At 14 months of age, Michael experienced a sudden onset of unconsciousness and complete paralysis of the right side of his body. He was first hospitalized Novemberl, 1962 at Memorial Hospital in Niagara Fall, NY. His full diagnosis was encephalitis with minimal right hemiparesis, severe brain damage, and speech disturbance. Michael resided at home with his family until age 9 when he was placed in Polk Center on February 2, 1970. Michael has lived in Woodside since 2001. I have been Michael's guardian since March 12, 2002. Michael's diagnosis through Polk Center is profound mental retardation. He also has a diagnosis of osteoporosis, chronic seizure activity, balance inconsistencies, GERG (gastroesophageal reflux disease), macrocytic anemia and chronic ischemia chronic swelling of his legs and feet. Additionally, he suffers with constipation, mild oral and pharyngeal dysphagia, scalp seborrhea and dry lips and skin. He has only one functioning lung which often results in upper respiratory infections.

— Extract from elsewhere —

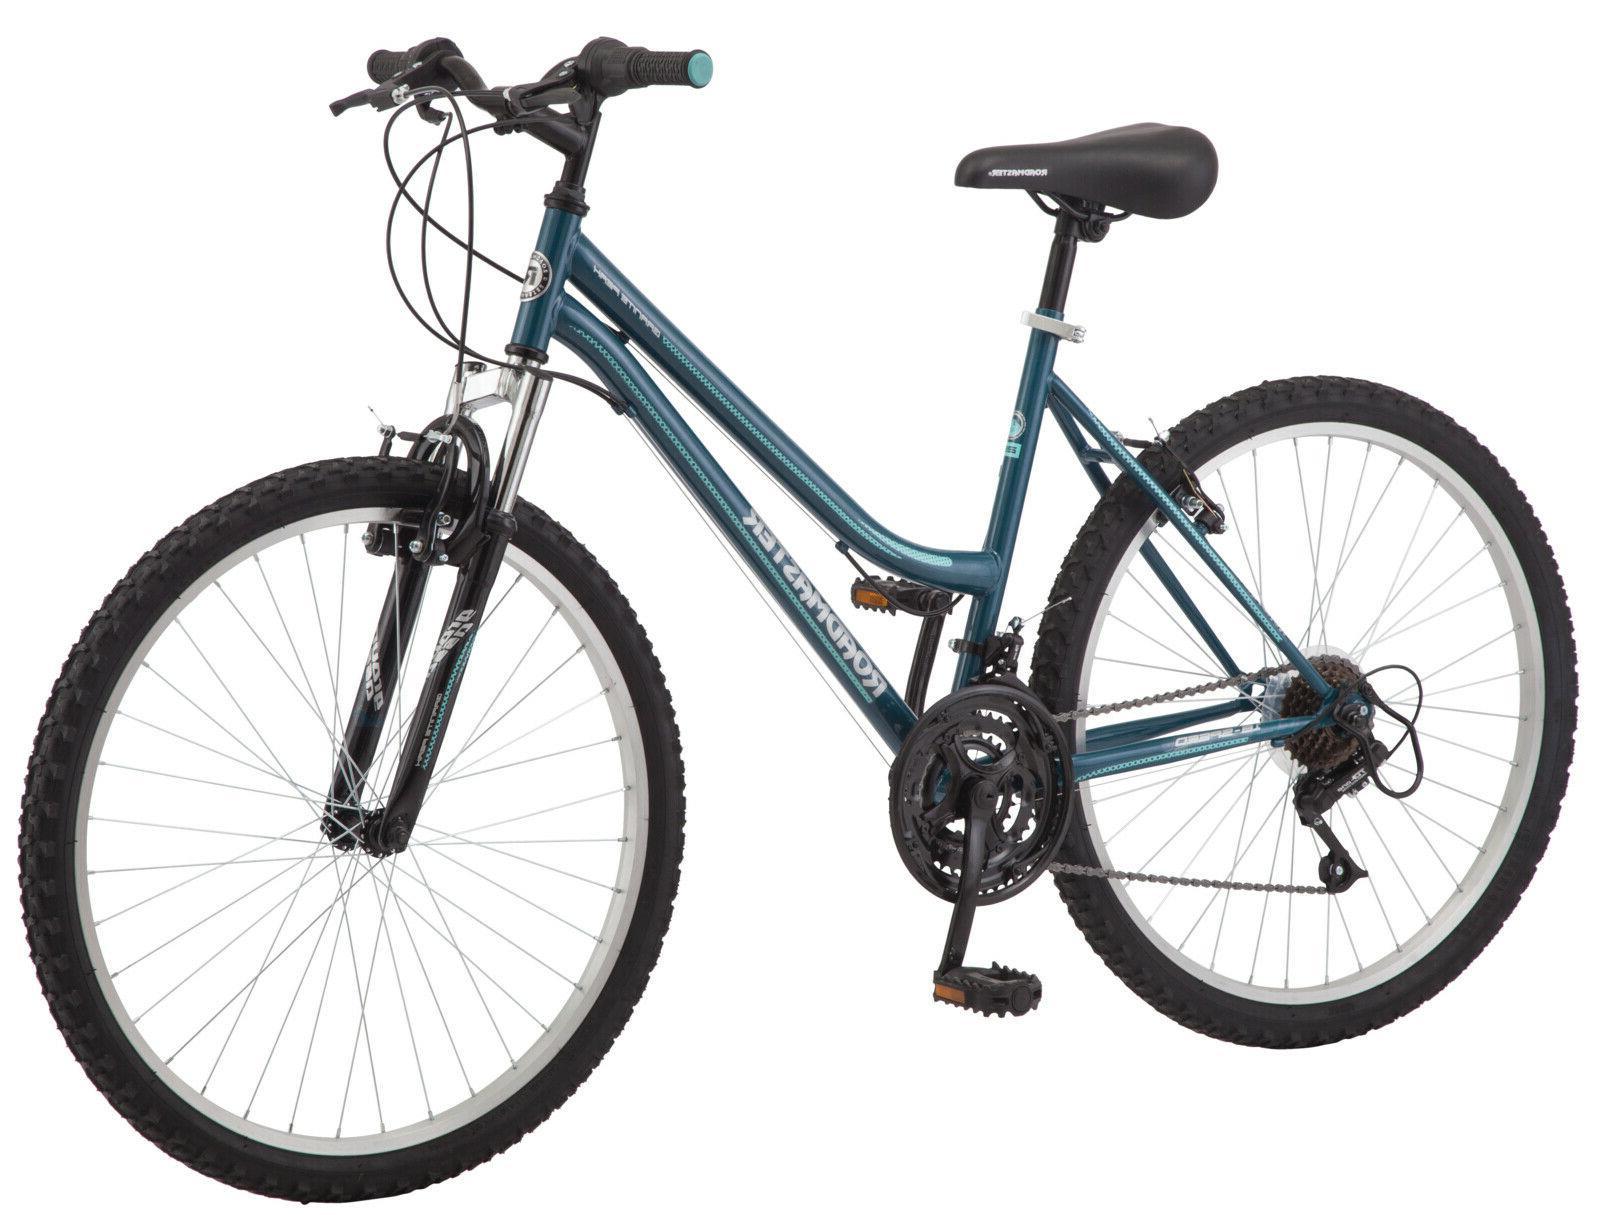 548dfa30021 Roadmaster Granite Peak Mountain Bike | Property Room 26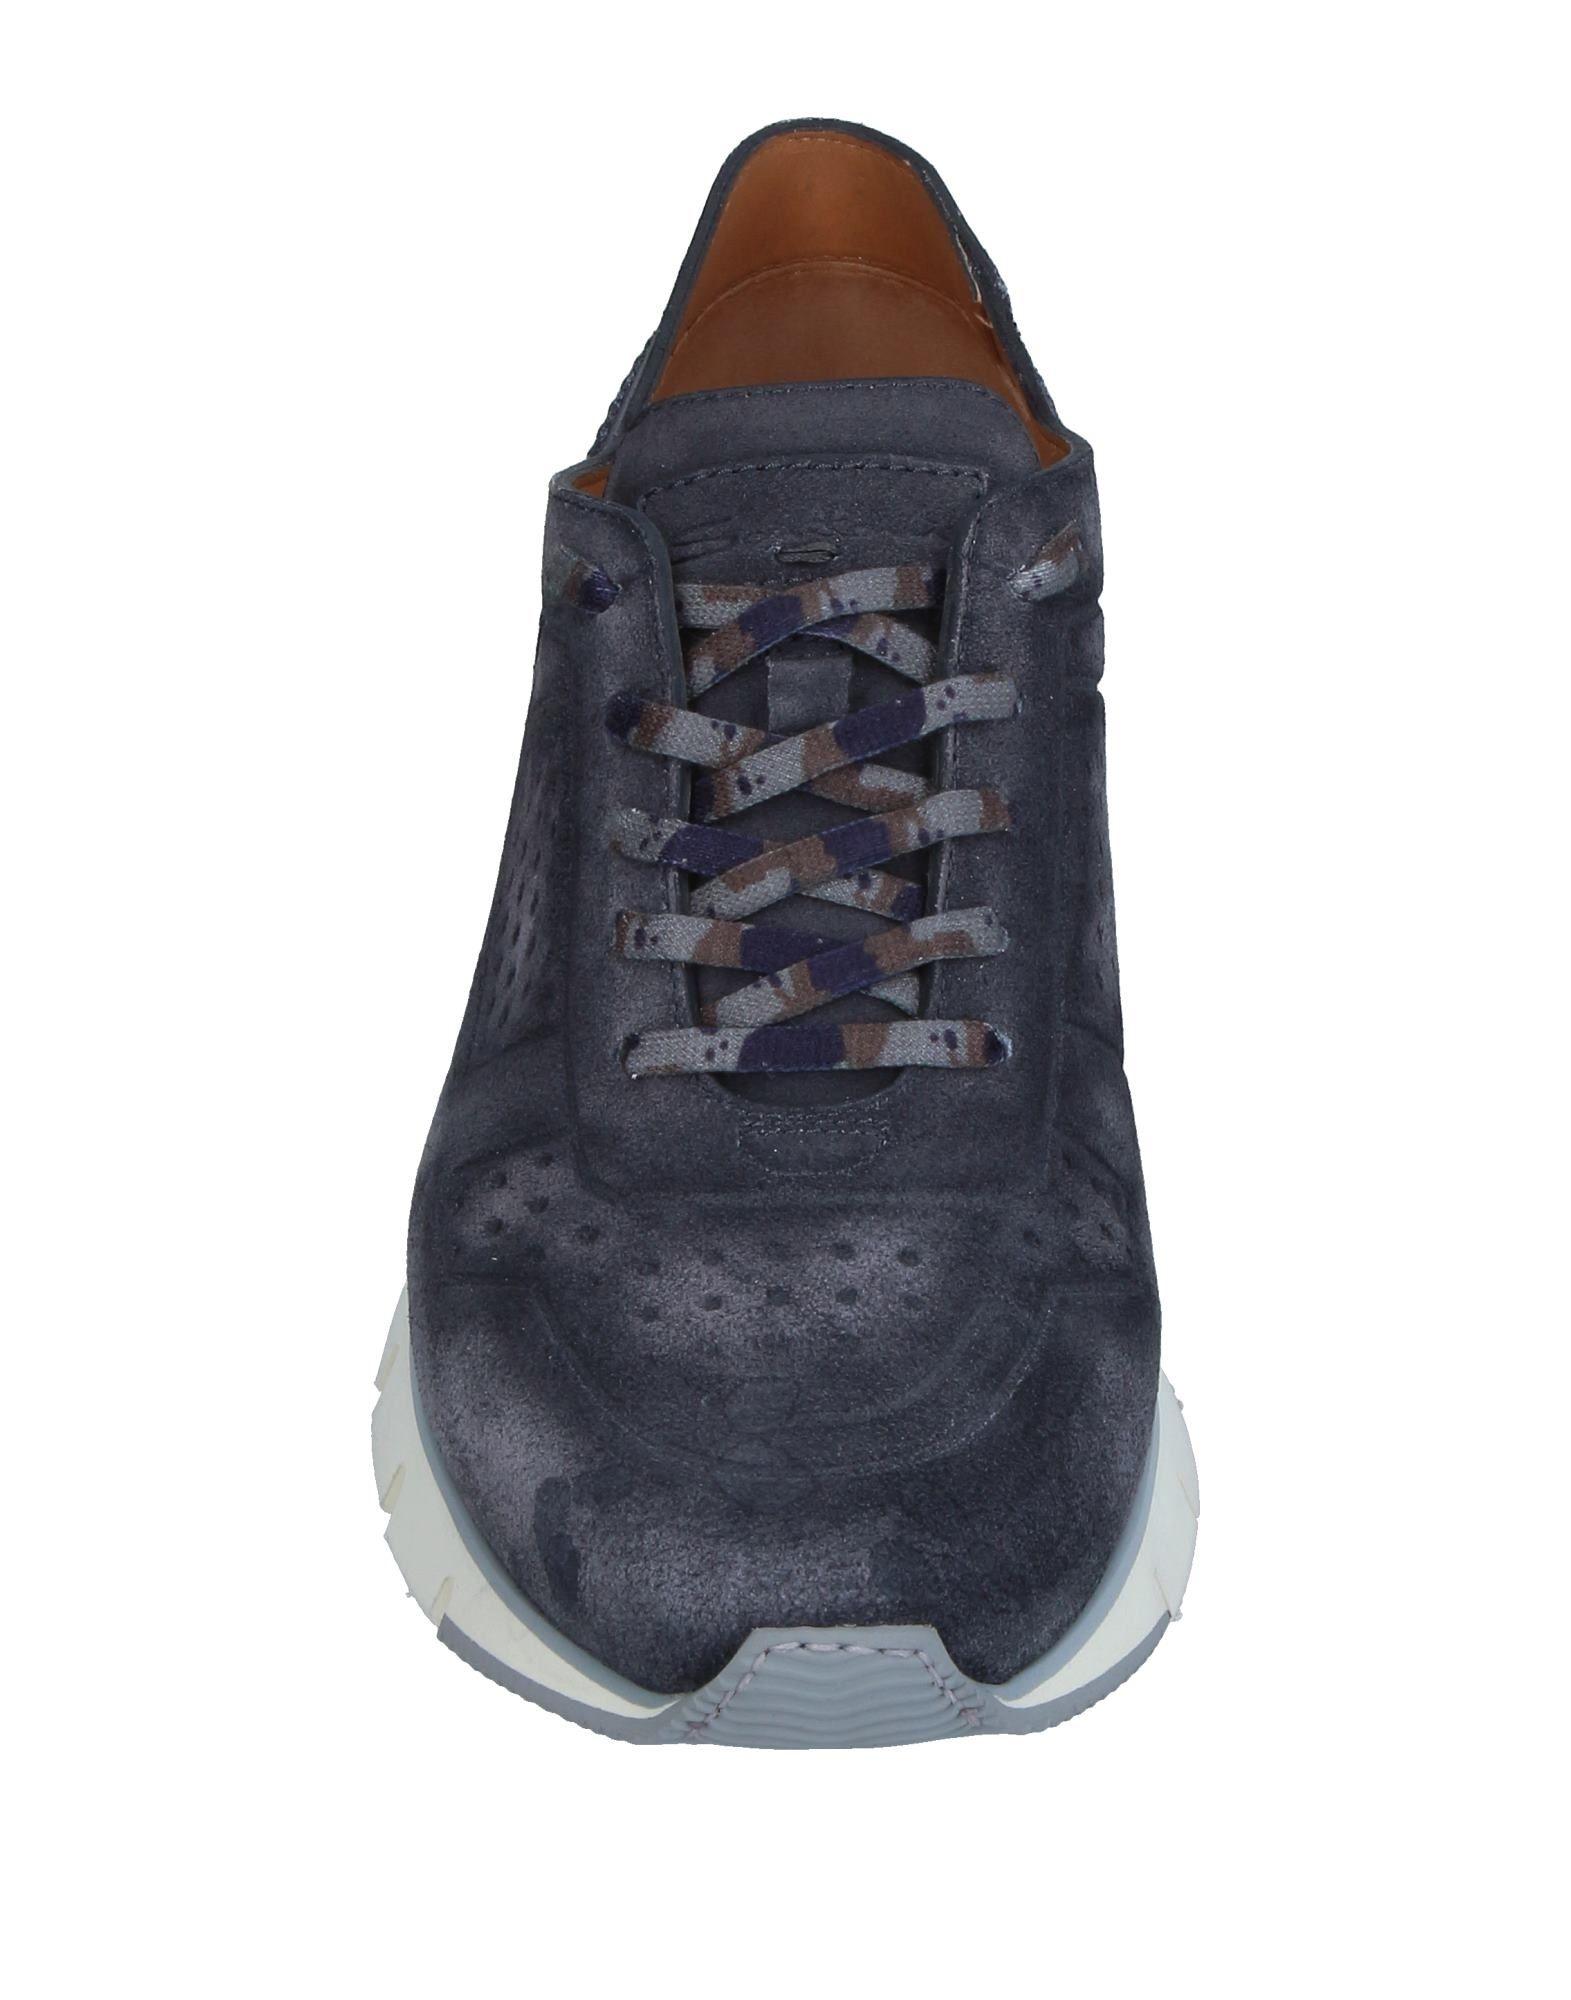 Santoni Gute Sneakers Herren  11286618FL Gute Santoni Qualität beliebte Schuhe ebac73

Mikey's life at Polk is wonderful.
He has been with most of the men he lives with for many, many years. I have known and worked with the RSA's that take care of his for many, many years and many of them are like family. Since 2014 my Dad has been unable to make the trip to Polk to see Mikey every other weekend so Trevor Hensel (Mikey's main RSA) and another RSA (Usually Jamison Daniels) started bringing Mikey up to see our Dad once a month. Our Dad passed away in 2017 but it brought him much happiness to see Mikey on a regular basis. Additionally, Polk does many wonderful things in terms of programming. Mikey gets out regularly into the community- attending Pirate Games and going out to breakfast and lunch and other activities. We attend the Family Picnics and the Annual Dinner Dance with Mikey. Mikey gets to enjoy the pool twice a week and I have been down to take him to the pool and enjoy it too. Back in the day, our family even went on trips with Polk to places such as Niagara Falls, the Niagara Parks Butterfly Conservatory and Marineland and Game Farm. We have such wonderful memories. In 2010 and 2016 he was very sick and I was so thankful that Polk provided someone at the UPMC Hospital around the clock for him as he is non-verbal and would not have been able to communicate or make his needs know to the nurses, doctors and staff at UPMC. The RSA's "know" Mikey - they understand his needs and how he is able to communiC:ate. The folks from Polk brought Mikey to my wedding as well as to our Dad's funeral - like I said, the folks at Polk make it possible for Mikey to attend family events as well as social outings with other residents of Polk Center. For 2017-18 he participated in 20 off grounds trips that included various restaurants, local parks, movies, and concerts.
I am very afraid and concerned about what will happen if Mikey is moved. He knows no other place. I remember when we took Mikey to Polk for the first time. He would not eat and my Dad had to drive the 2 hours to Polk every day to feed him until he finally acclimated. I worry that other places will not provide the holistic approach that Polk does - programming, health care, and physical therapy all within a loving family centered environment. I am concerned how long it would take for new staff to "know" Mikey and how he expresses himself. I also fear how far away this move might take him from me as I am very active in his life and as I age, it is harder for me to travel as well.
Mikey has lived at Polk Center for just under 50 years.